A density functional study of the electronic structures of C₆O₆M₆ (M = Li, Na) clusters, as well as their potentials for dihydrogen storage, have been performed by two methods. Molecular dynamic simulations confirm that both clusters are thermodynamically stable. Calculations reveal that C₆O₆Li₆/C₆O₆Na₆ can adsorb up to 36/38H₂ molecules with a gravimetric uptake capacity of 26.10/19.90 wt%, exceeding the goal (5.5 wt%) set by the US Department of Energy (DOE). The adsorption energies of H₂ on C₆O₆Li₆ and C₆O₆Na₆ are in the range of 0.093–0.119 eV and 0.112–0.228 eV, respectively. The interactions of C₆O₆M₆ (M = Li, Na) with H₂ molecules are analyzed by a variety of electronic structure methods. Thermo-chemistry calculations indicate two H₂ in C₆O₆Li₆(H₂)₃₆ and fourteen H₂ in C₆O₆Na₆(H₂)₃₈ can be readily adsorbed at 77 K and desorbed at 298.15 K under atmospheric pressure, corresponding to the maximal reversible hydrogen storage densities are 2.11 wt% and 8.38 wt%, respectively. Higher pressure can improve the maximal reversible hydrogen storage abilities. Atom density matrix propagation (ADMP) molecular dynamic simulations indicate that H₂ molecules are substantially and strongly bound at 77 K and get efficiently released at elevated temperature (300 K). The (C₆O₆M₆)₂ (M = Li, Na) dimers can also efficiently adsorb multiple H₂ molecules with high gravimetric density and reversible average adsorption energy.

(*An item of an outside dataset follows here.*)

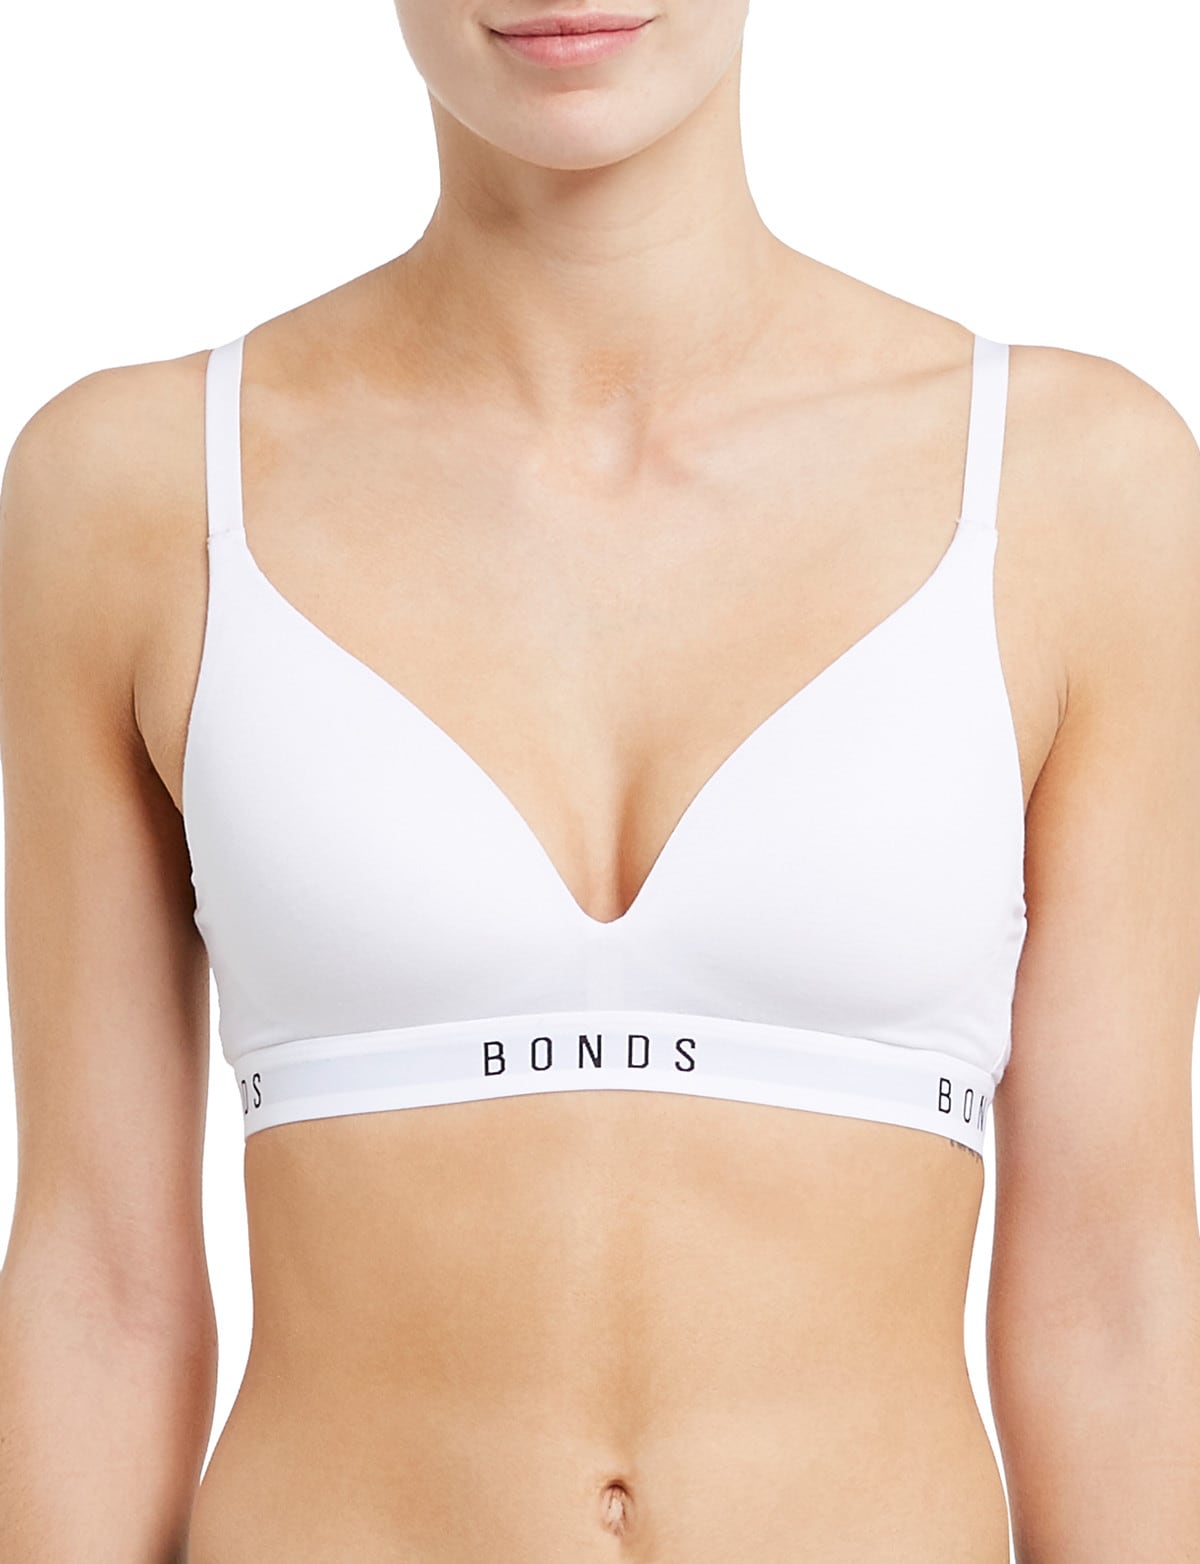 Bonds Womens Originals Superior Fit Tee Bra, White,38C - US
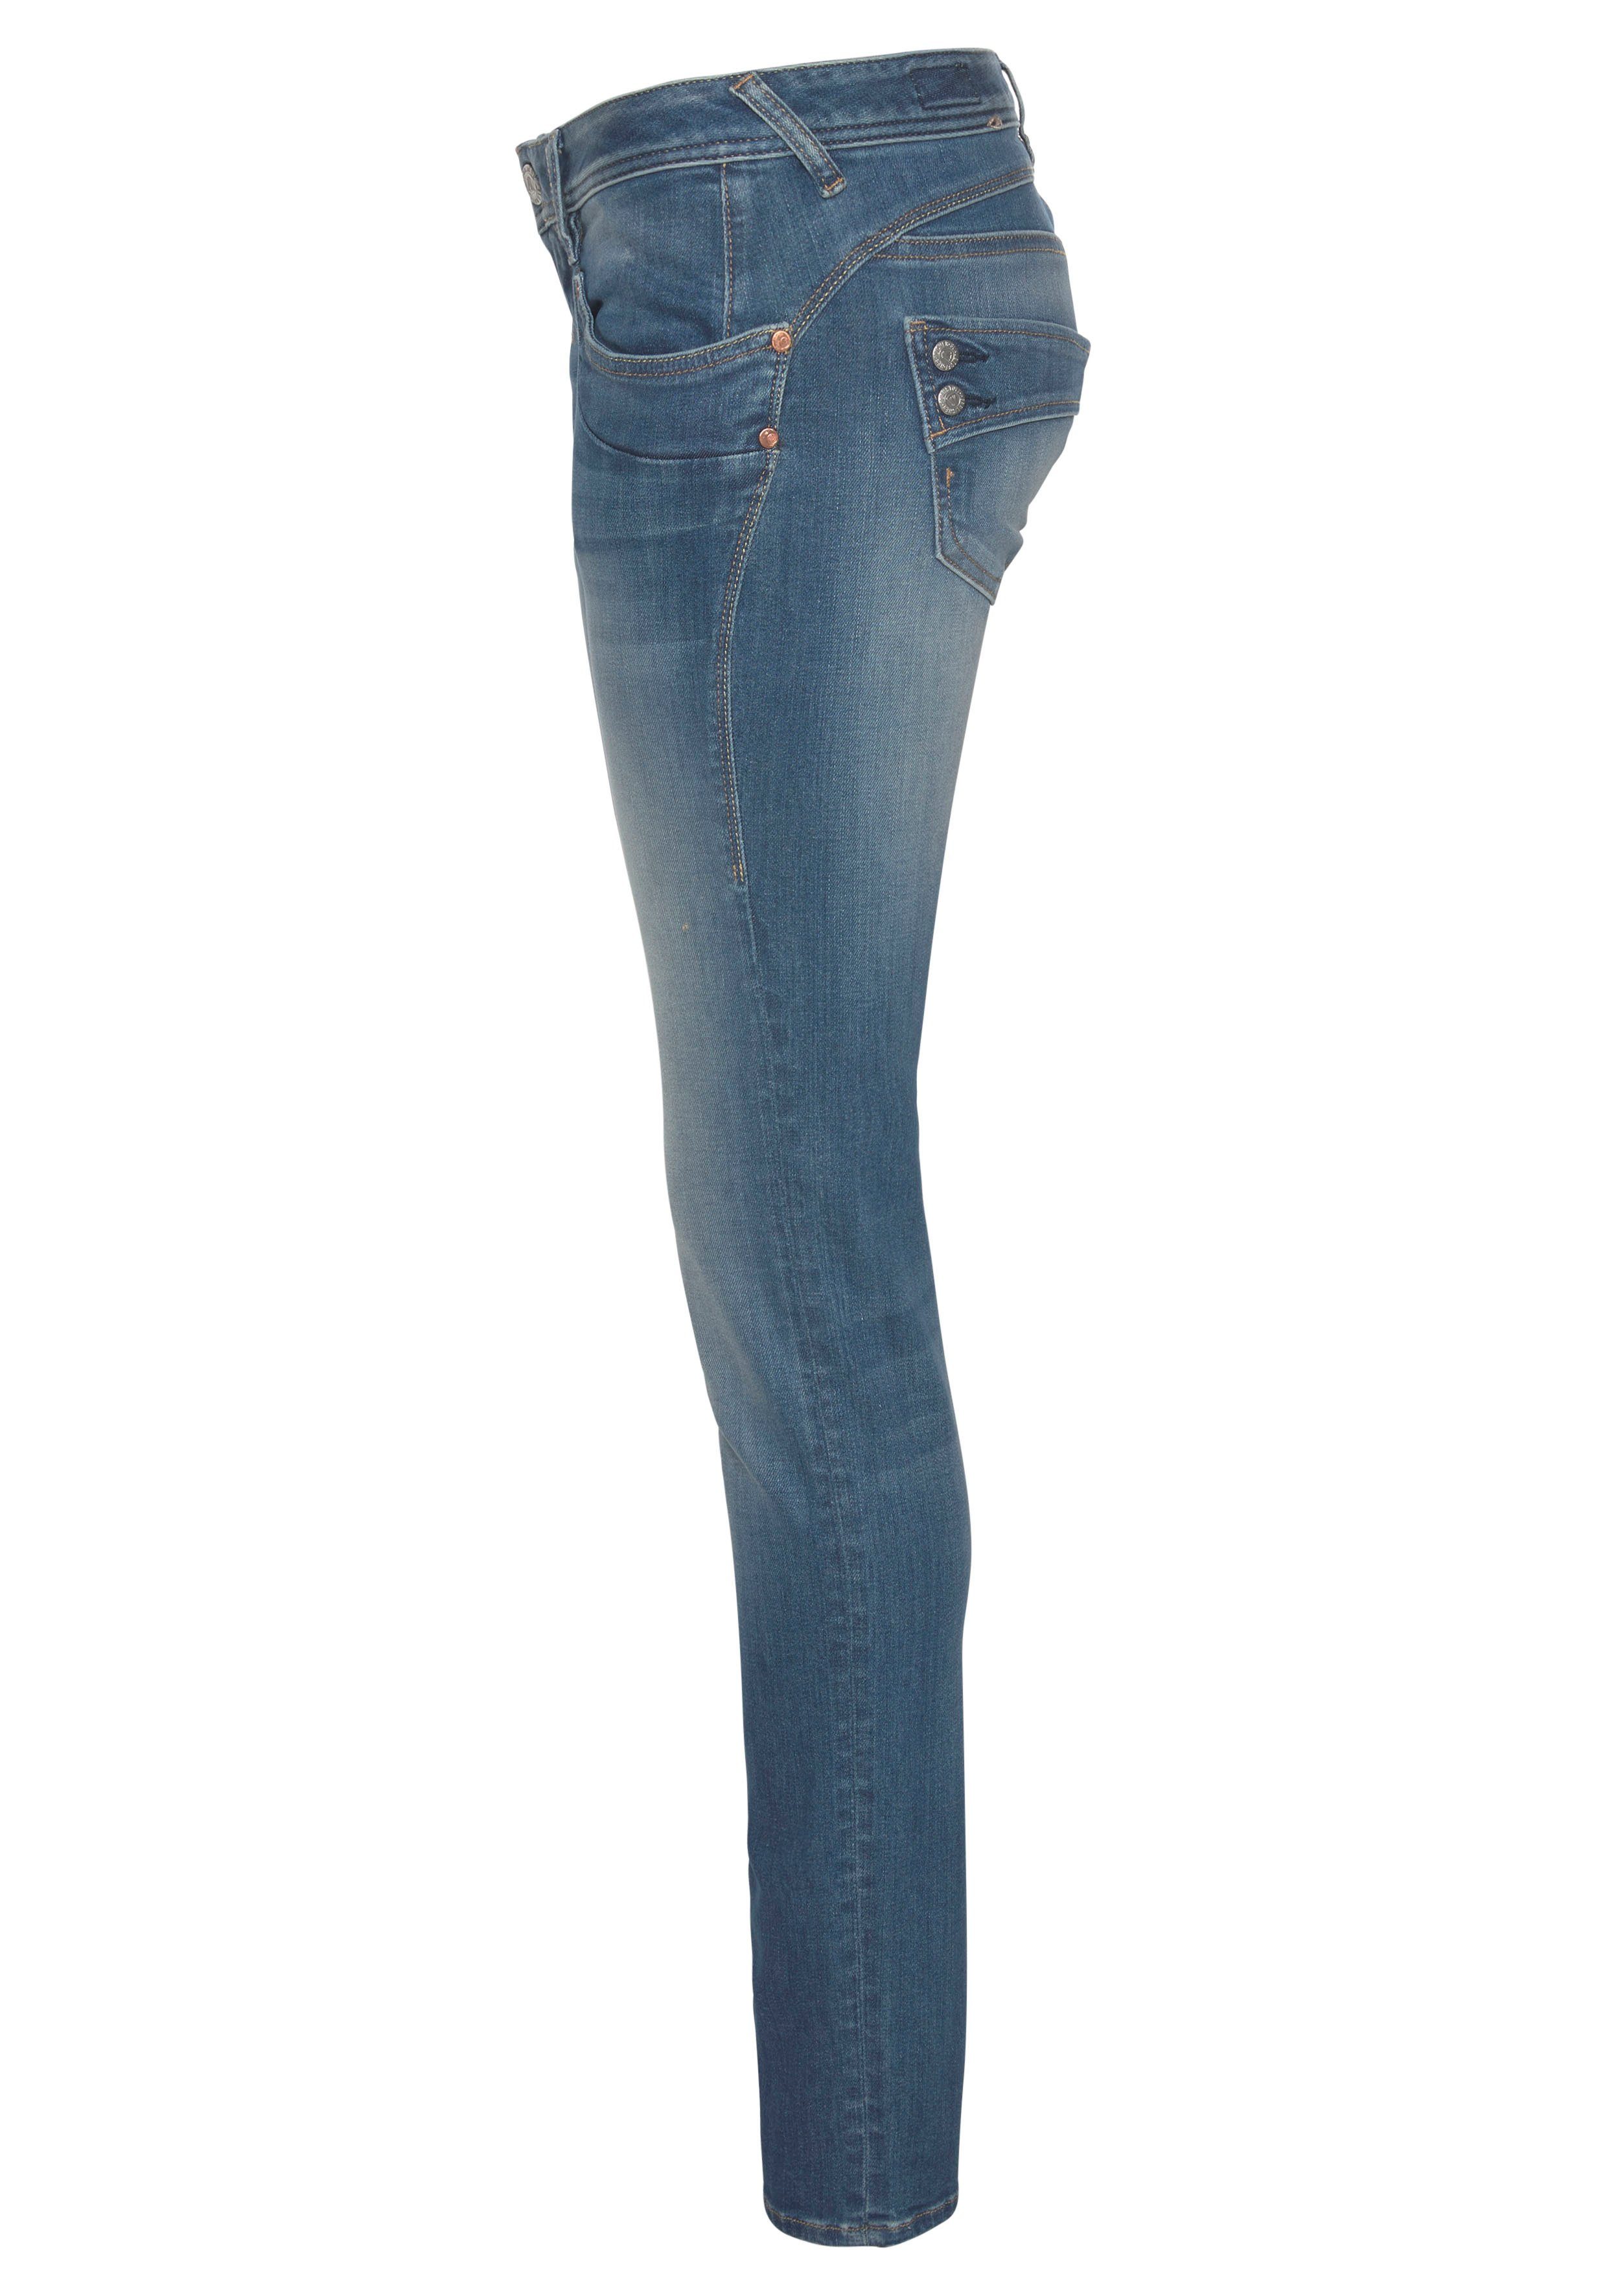 Herrlicher Slim-fit-Jeans dank Technology SLIM PIPER umweltfreundlich ORGANIC Kitotex

_{通过两种方法对 C 6} O ₆ M ₆ (M = Li, Na) 团簇的电子结构及其储氢潜力进行了密度泛函研究。分子动力学模拟证实这两个簇都是热力学稳定的。计算表明，C ₆ O ₆ Li ₆ /C ₆ O ₆ Na ₆最多可吸附36/38H ₂分子，重量吸附量为26.10/19.90 wt%，超过了美国部门设定的目标（5.5 wt%）能源部（DOE）。H ₂在C ₆ O上的吸附能₆ Li ₆和C ₆ O ₆ Na ₆的范围分别为0.093-0.119 eV和0.112-0.228 eV。通过多种电子结构方法分析了C ₆ O ₆ M ₆ (M = Li, Na) 与H ₂分子的相互作用。热化学计算表明C ₆ O ₆ Li ₆ (H ₂ ) _{36中有两个H 2} ， C ₆ O ₆ Na ₆ (H ₂ ) ₃₈中有14个H ₂在常压下77 K容易吸附，298.15 K容易解吸，对应的最大可逆储氢密度分别为2.11 wt%和8.38 wt%。较高的压力可以提高最大可逆储氢能力。原子密度矩阵传播 (ADMP) 分子动力学模拟表明，H ₂分子在 77 K 时充分且牢固地结合，并在高温 (300 K) 下有效释放。(C ₆ O ₆ M ₆ ) ₂ (M = Li, Na)二聚体还可以有效吸附多个H ₂分子，具有高重量密度和可逆平均吸附能。